La Direction générale du Budget et des Finances (DGBF) franchit une nouvelle étape dans l’intégration des enjeux climatiques aux finances publiques. Elle a lancé, lundi 10 août 2026 au Palais des Congrès de Lomé, l’atelier national consacré à l’élaboration du premier « Document Budget Vert 2027 ». Les travaux, prévus jusqu’au 21 août, doivent aboutir à un document qui intégrera le projet de loi de finances pour l’exercice 2027.
Organisé dans le cadre du Projet de Modernisation de l’Administration Publique pour la Délivrance des Services (PMADS), avec l’appui de la Banque mondiale, l’atelier réunit environ 160 participants issus du ministère des Finances, de la Planification, de l’Environnement, des ministères sectoriels et des institutions publiques. Les travaux bénéficient également de l’appui technique du conseiller résident du Fonds monétaire international (FMI), Ephrem Ghonda.
L’ambition de cette démarche est de dépasser la seule lecture financière des dépenses publiques. Il s’agit désormais d’analyser et de catégoriser les activités, actions et projets inscrits dans les budgets des ministères selon leur contribution à la lutte contre les changements climatiques et à la protection de l’environnement.
Concrètement, les participants devront procéder au marquage climatique et environnemental des activités budgétaires, consolider les données nécessaires à la préparation du Budget Vert 2027 et identifier, pour chaque ministère, les priorités climatiques pertinentes.
Les travaux devront également permettre de définir des indicateurs de performance liés au climat et à l’environnement, avant l’élaboration d’un premier projet de Budget Vert 2027. Celui-ci s’appuiera notamment sur les documents de programmation budgétaire, en particulier le Document de programmation pluriannuelle des dépenses (DPPD) et les Projets annuels de performance (PAP) préliminaires.

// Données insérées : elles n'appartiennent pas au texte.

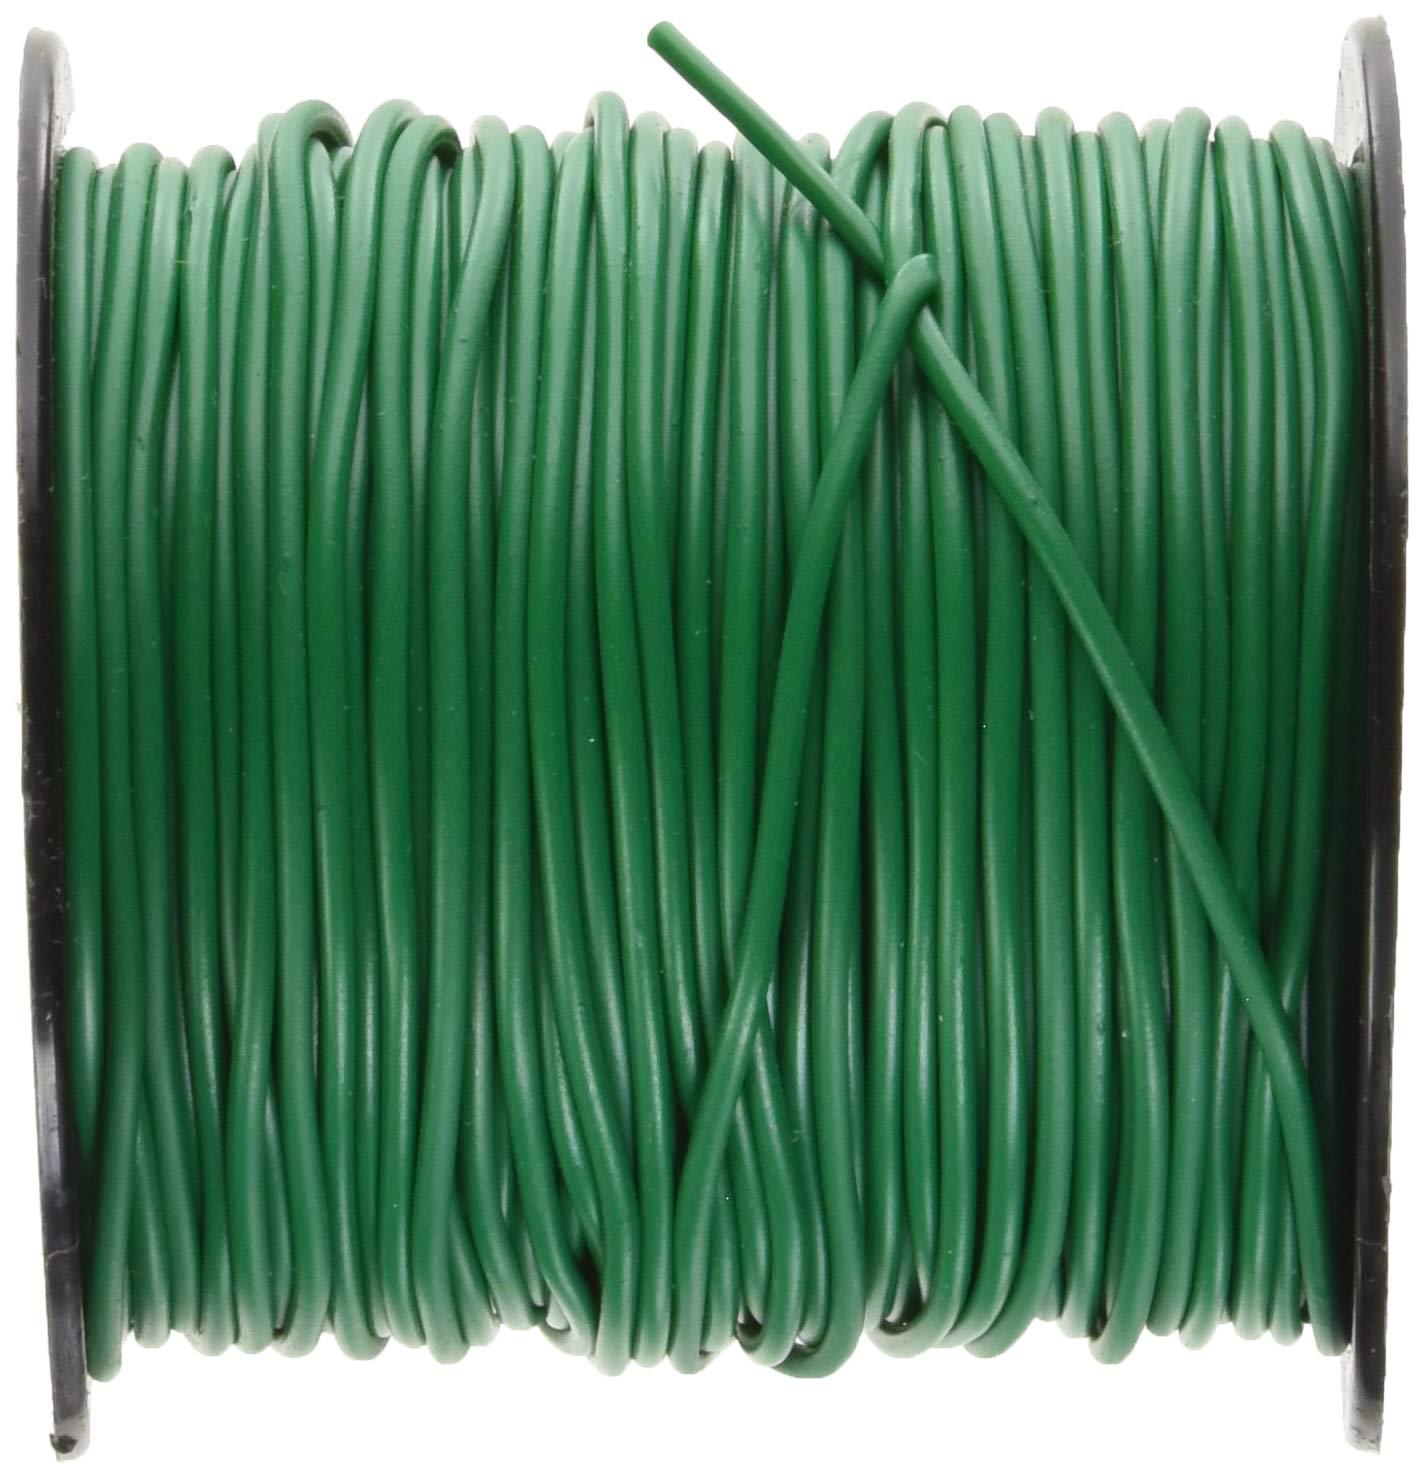 50-Yard Spool Pepperell SG50-01 Sgetti String Plastic Craft Lace White

Cette réforme intervient dans un contexte où les effets du changement climatique pèsent de plus en plus sur l’économie et les finances publiques. Inondations, épisodes de sécheresse et érosion côtière constituent autant de risques susceptibles de perturber les activités économiques, d’affecter les recettes publiques et d’accroître les dépenses de l’État.

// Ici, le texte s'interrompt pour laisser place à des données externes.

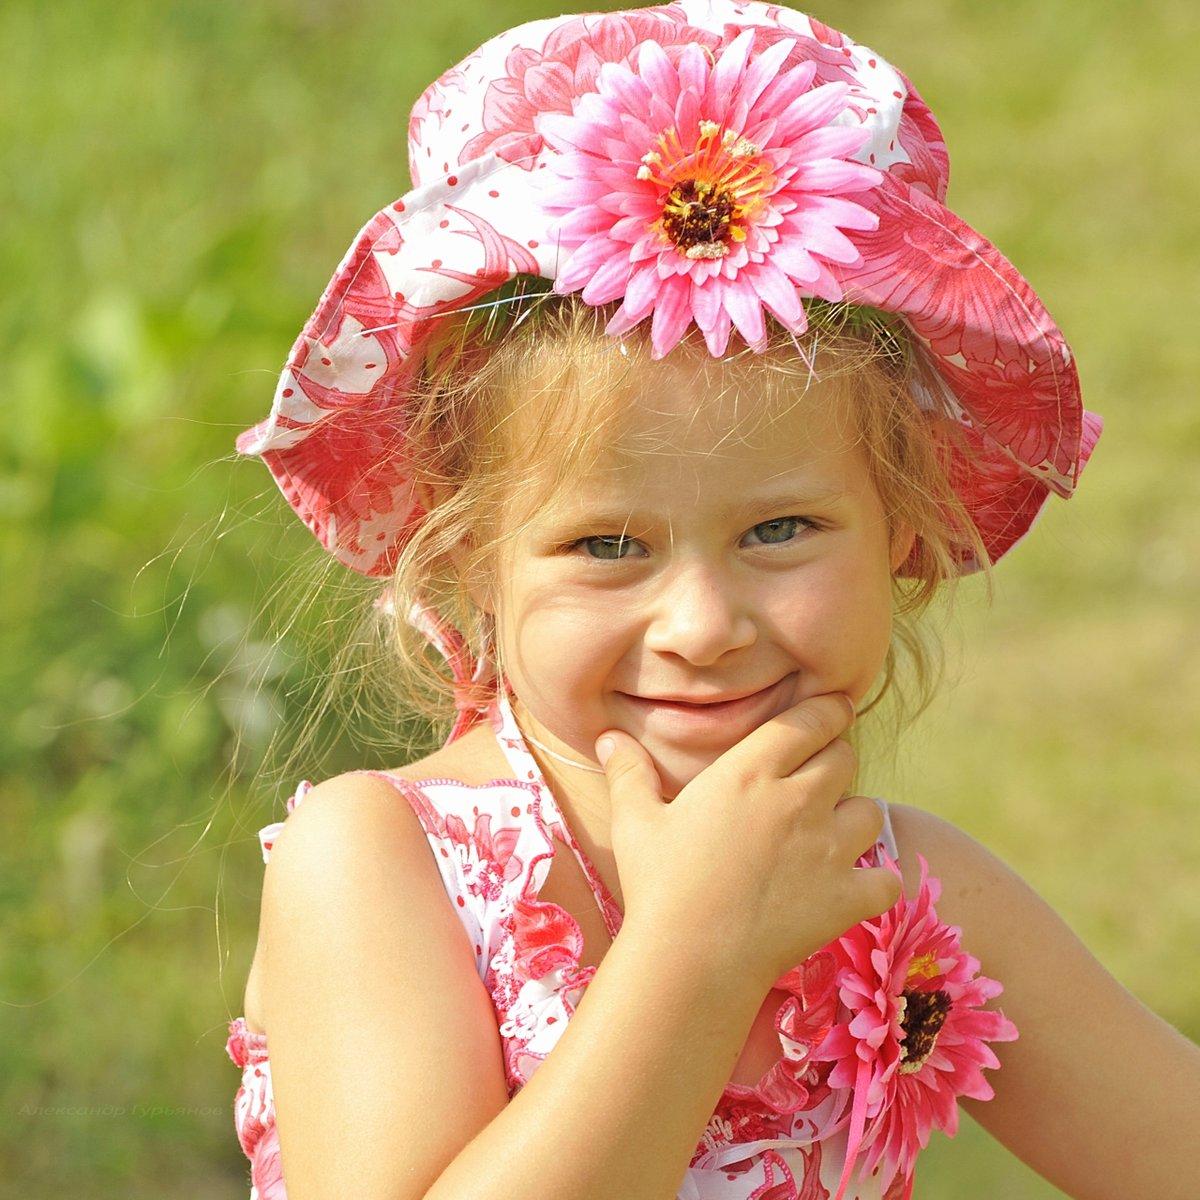 Картинки, картинки ах лето для детей

Ces chocs climatiques, souvent difficiles à anticiper, peuvent ainsi fragiliser la planification budgétaire et compliquer la préservation des équilibres macroéconomiques. L’intégration systématique de la dimension climatique dans la programmation des dépenses apparaît dès lors comme un outil permettant de mieux anticiper ces risques et d’orienter les ressources publiques vers des investissements plus résilients.
M. SOVI a appelé les participants à faire preuve d’assiduité et surtout à s’approprier durablement le processus. L’objectif est que les administrations sectorielles puissent, à terme, conduire elles-mêmes cet exercice, avec l’appui technique du ministère chargé des Finances.
Les travaux sont coordonnés par la DGBF et conduits sur le terrain par Mme KOUHOUE S. Akouvi Valérie, responsable du « noyau Budget Vert ».
Cette volonté d’appropriation nationale constitue un enjeu majeur. Car au-delà de l’élaboration d’un document pour 2027, le Budget Vert vise à installer progressivement une nouvelle culture de la dépense publique, dans laquelle les considérations climatiques et environnementales sont prises en compte dès la conception et la programmation des politiques publiques.
L’ambition affichée est claire : faire du Budget Vert 2027 une composante du projet de loi de finances. À terme, chaque dépense publique devra pouvoir être appréciée non seulement à travers son montant en francs CFA, mais également au regard de son impact sur le climat et l’environnement.
Les résultats attendus pourraient ainsi être mesurés à travers des indicateurs tels que les hectares protégés ou restaurés, les émissions de gaz à effet de serre évitées, la résilience des infrastructures ou encore la capacité des territoires et des secteurs économiques à faire face aux chocs climatiques.
Le véritable défi sera désormais de transformer le marquage budgétaire en décisions concrètes : mieux orienter les ressources, renforcer la résilience et faire du climat un critère durable de la décision publique.
Avec le Budget Vert 2027, le Togo amorce ainsi un changement de paradigme, demain, la valeur d’une dépense publique ne se mesurera plus seulement au nombre de francs CFA mobilisés, mais aussi à sa capacité à préparer le pays aux défis climatiques.